David Malukas (born September 27, 2001) is a Lithuanian-American race car driver who competes in the IndyCar Series for Dale Coyne Racing.

Career

Lower formula
In 2016 and the early part of 2017, Malukas competed in the Formula 4 UAE Championship for Rasgaira Motorsports. He did not contest the full season but still finished sixth in the championship. 

Malukas would move to ADAC Formula 4 to compete for Motopark in 2017. There he would end up finishing nineteenth in the championship.

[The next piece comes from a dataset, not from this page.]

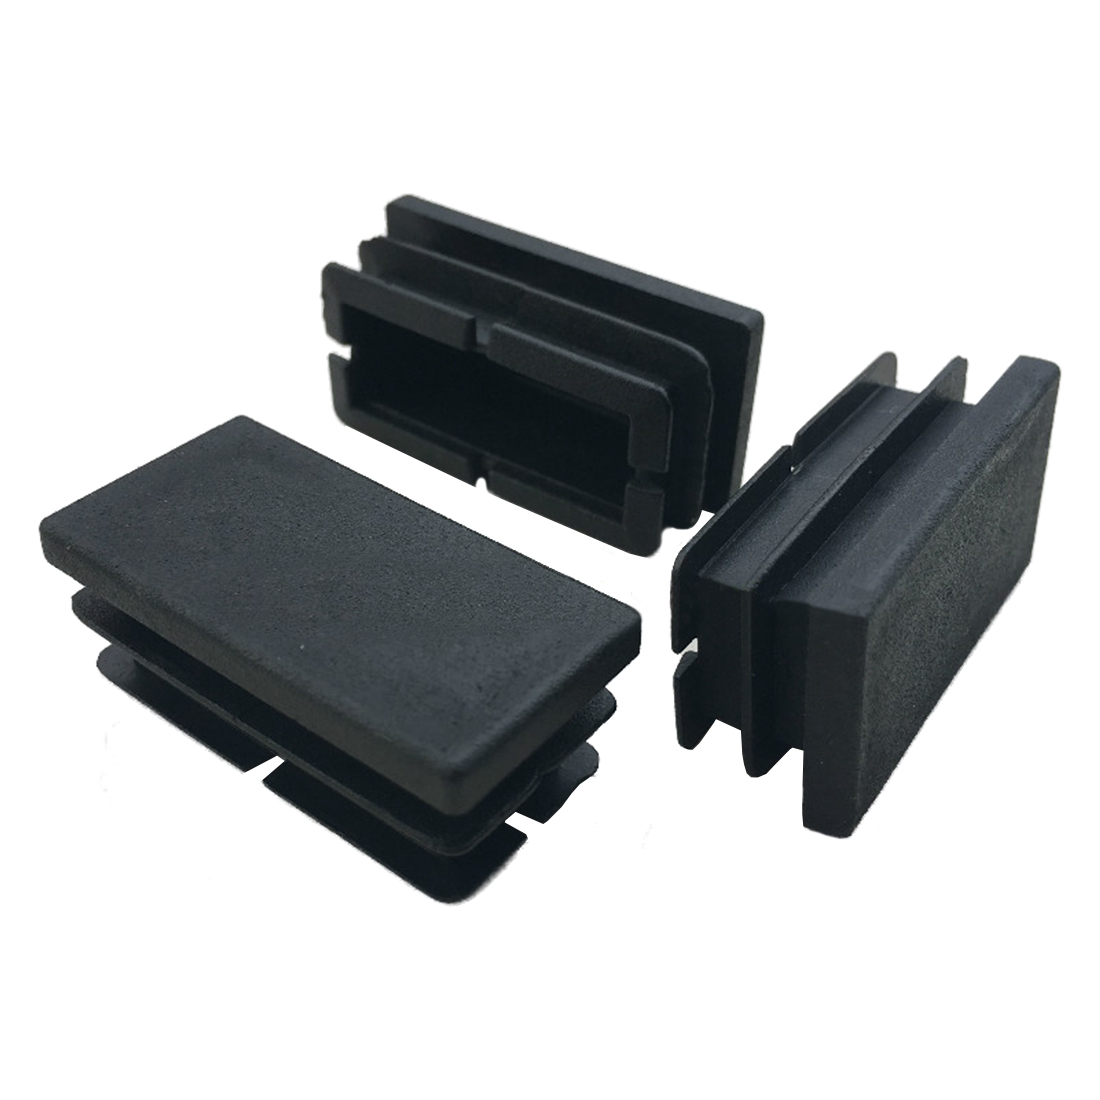 Hot Sale 8 Pcs Black Plastic Rectangular Blanking End Caps Inserts 20mm X 40mm

U.S. F2000 National Championship
Along with his efforts in ADAC Formula 4, Malukas would compete in the U.S. F2000 National Championship in 2017 for BN Racing. At the first race at Road America, he took pole position and finished on the podium in second.

Pro Mazda Championship
After competing part-time in the U.S. F2000 National Championship the previous year, Malukas would move up to the Pro Mazda Championship in 2018 again driving for BN Racing. BN Racing was owned by Malukas' father Henry Malukas. He would have an impressive season with three wins and six podiums to finish fourth in the championship.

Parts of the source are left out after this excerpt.